Cranking mass parameters for fission
A formalism for semi-adiabatic cranking mass parameters is presented.
For the fission process of U, the time-dependent pairing equations of motion
were used to calculate
the excitation energy and to extract values of the
cranking inertia. A fission barrier is determined
by minimizing the action trajectory in a five dimensional configuration
space spanned by elongation, necking, deformations of fragments and
mass-asymmetry. The deformation energy is computed
in the the frame of the microscopic-macroscopic model.
The two center shell model with Woods-Saxon potentials is used in this context.
Values of the inertia for excited fissioning systems are reported.
A dependence between the cranking mass parameters and
the intrinsic excitation
energy is evidenced.
PACS: 24.10.-i Nuclear reaction models and methods; 25.85.-w Fission reactions
Keywords: Fission reactions, intrinsic excitation, inertia
In microscopic-macroscopic treatments of nuclear fission , the whole nuclear system is characterized by some collective coordinates associated with some degrees of freedom that determine approximately the behavior of many intrinsic variables. The basic ingredients in such an analysis is a shape parametrization that depends on several macroscopic degrees of freedom. The generalized coordinates of deformation vary in time leading to a split of the nuclear system in two separated fragments. Thus, these coordinates describe the change in time of the average field. Traditionally, in the large amplitude collective motion like fission or fusion, the calculation of the mass parameters are made within the cranking model [2, 3]. These parameters are calculated adiabatically. In reality, the nucleus can be excited with respect the ground state at any deformation. The excitation energy is shared between the collective kinetic energy of the fragments and the intrinsic energy released finally through gamma-ray and neutron emission. As mentioned in Ref. , no unique separation between these two kind of dumping can be realized. Several attempts were realized in order to investigate the change of the cranking mass parameters as function of the intrinsic excitation energy. In this respect, investigation based on the cranking model have been done for the rotational motion  and for the behavior of the temperature dependent mass parameter [6, 7, 8]. A theory for non-adiabatic cranking was proposed in Ref.  where the time-dependent many-body Schrodinger equation is solved and the time dependence of the collective motion is determined with the classical Lagrange equation of motion. It is worth to mention that in Ref.  an expression is derived for the collective kinetic energy containing corrections up to the fourth-order in the collective velocities. The fourth-corrections to the cranking approximation at hyperdeformations were found very large. The authors concluded that the perturbation treatment when applied to fission is invalidated.

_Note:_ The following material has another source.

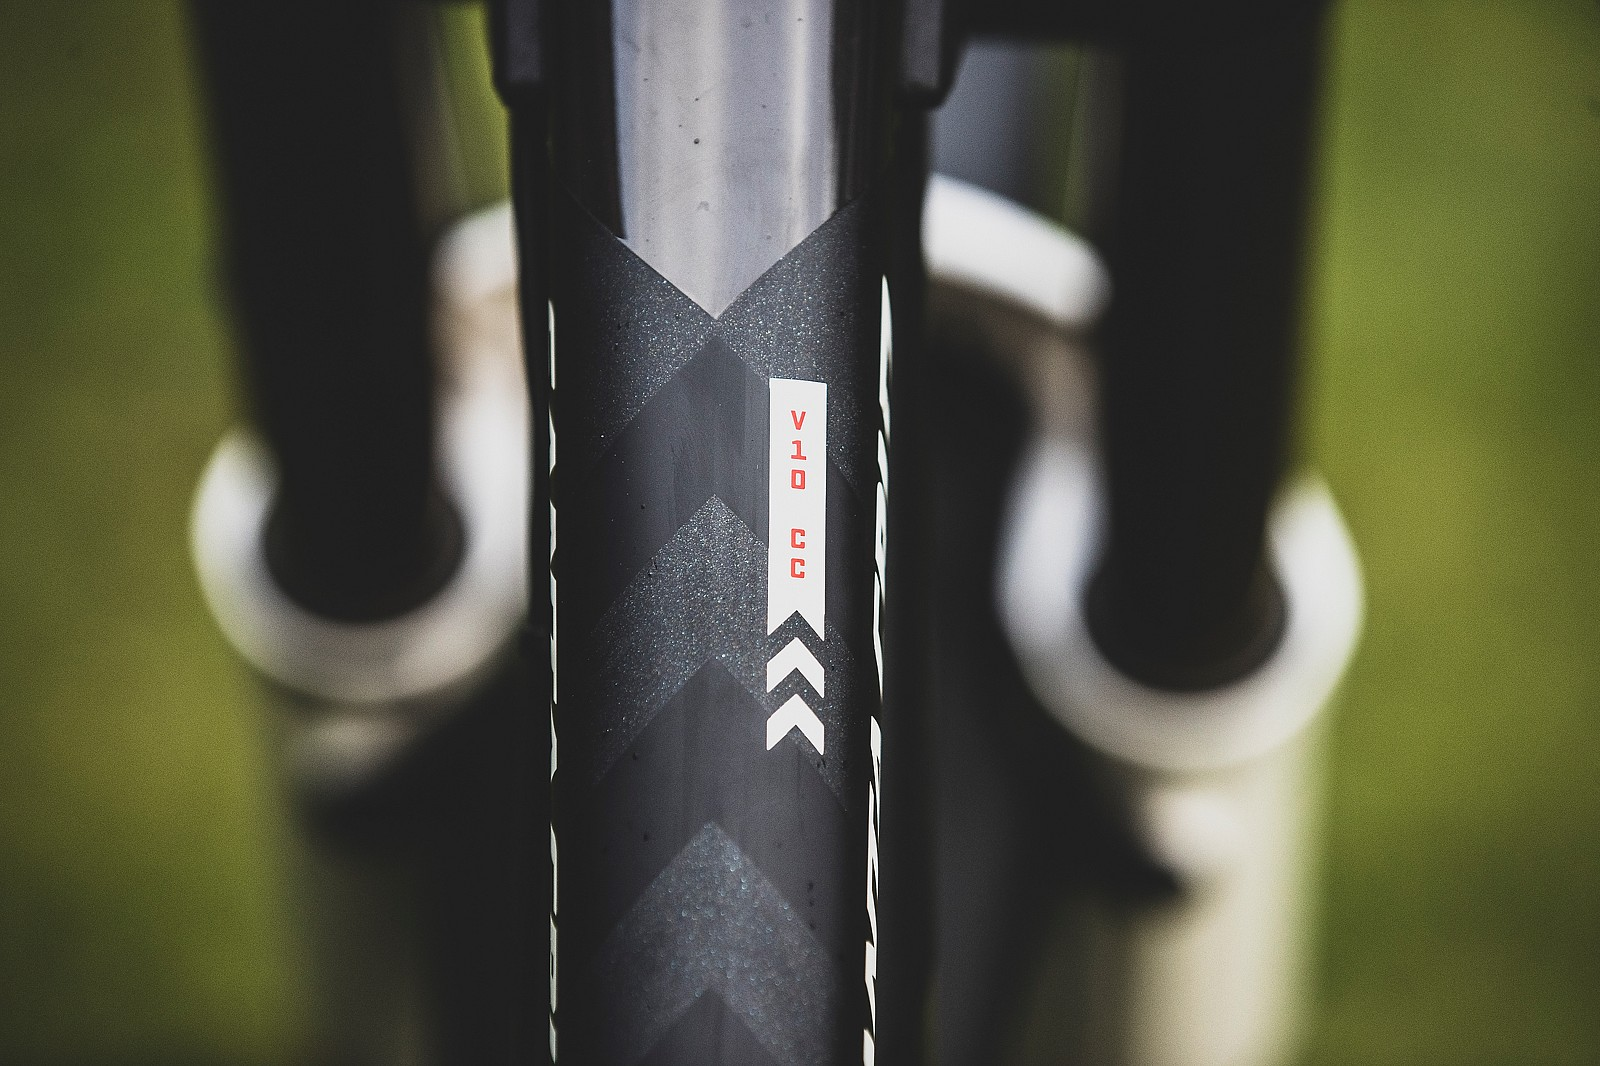 V10 CC XXXXXL - WORLD CHAMPS BIKE - Greg Minnaar's Santa Cruz V10 - Mountain Biking Pictures - Vital MTB
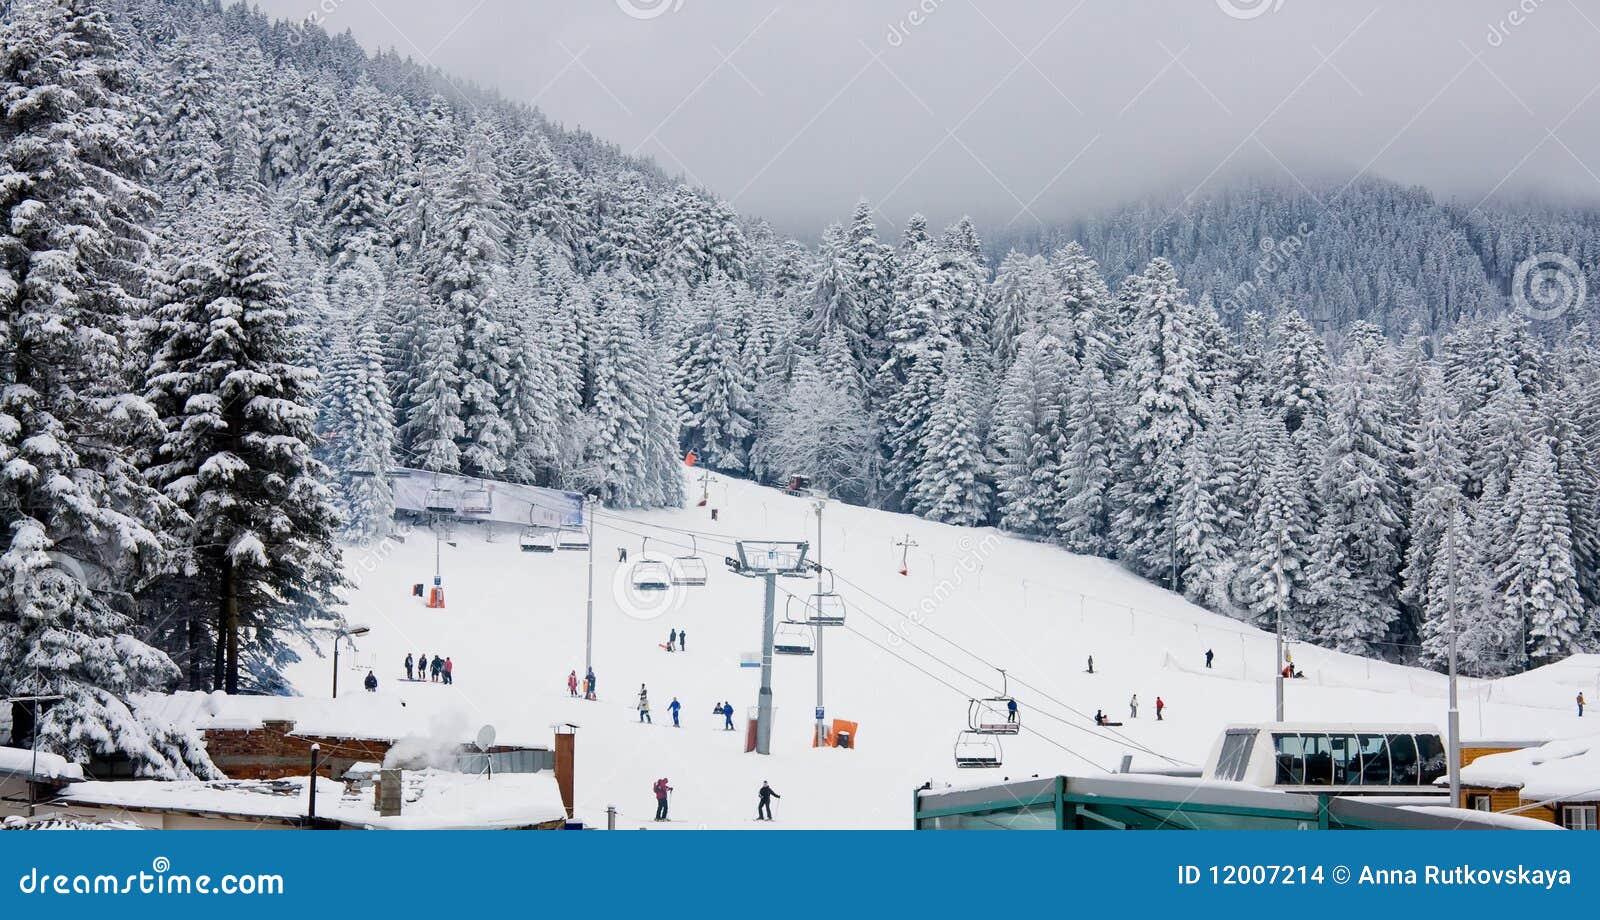 Ski slope and chair ski lift in Borovets, Bulgaria

In this paper, a new treatment for the cranking model is realized that takes into account the intrinsic excitation energy. In the next section, a semi-adiabatic cranking approximation is derived for even-even systems to investigate the general features of the cranking mass parameters when the nucleus is internally excited. To make the problem tractable, it is assumed that the system deforms slowly in time. Therefore, the matrix elements of the time-derivative of the wave functions are smalls. Because these matrix elements are responsible for quasi-particle excitations, our approximation allows to consider the system in a seniority-zero state during fission. In other words, the contributions to the inertia originating from seniority-two configurations are considered negligible. In section 3, the mass parameters are calculated. To obtain the inertia, a least action trajectory for the evolution of the nuclear system is determined. The single-particle energies for protons and neutrons were calculated along this path. Then, the intrinsic excitation energy of the fissioning system is evaluated within the time-dependent pairing equations of motion using different values of the inter-nuclear velocities. At each deformation, instantaneous values of the single-particle densities and of the pairing moment components are deduced. The semi-adiabatic effective mass is evaluated using these values. Some behavior concerning the dependence of the cranking mass parameters versus the intrinsic excitation energy are extracted. In the last section, a discussion is made.
The single particle motion of a particle in an average field is governed by the Schrödinger equation that includes a Hamiltonian with pairing residual interactions. This Hamiltonian depends on some time-dependent collective parameters (), such as the internuclear distances between the nascent fragments, the mass-asymmetry, the fragment deformations or the necking parameter:
where are single-particle energies, is an monopole pairing interaction constant and denote creation operators. In order to obtain the time dependent pairing equations of motion, we shall start from the variational principle taking the following energy functional
and by assuming the many-body state formally expanded as a superposition of time dependent BCS seniority-zero and seniority-two adiabatic wave functions
is the seniority-zero Bogoliubov wave function. The excited seniority-two configurations are obtained by mean of quasiparticle creation and annihilation operators:
In definitions (2) and (3), and are amplitudes of the two kinds of configurations, is the chemical potential, and is the particle number operator. Because only the relative phase between the parameters (vacancy amplitudes) and (occupation amplitudes) matters, in the following is considered to be a real quantity and a complex one. To minimize the functional, the expression (2) is derived with respect the independent variables , , , (the amplitudes of the wave function), together with their complex conjugates, and the resulting equations are set to zero.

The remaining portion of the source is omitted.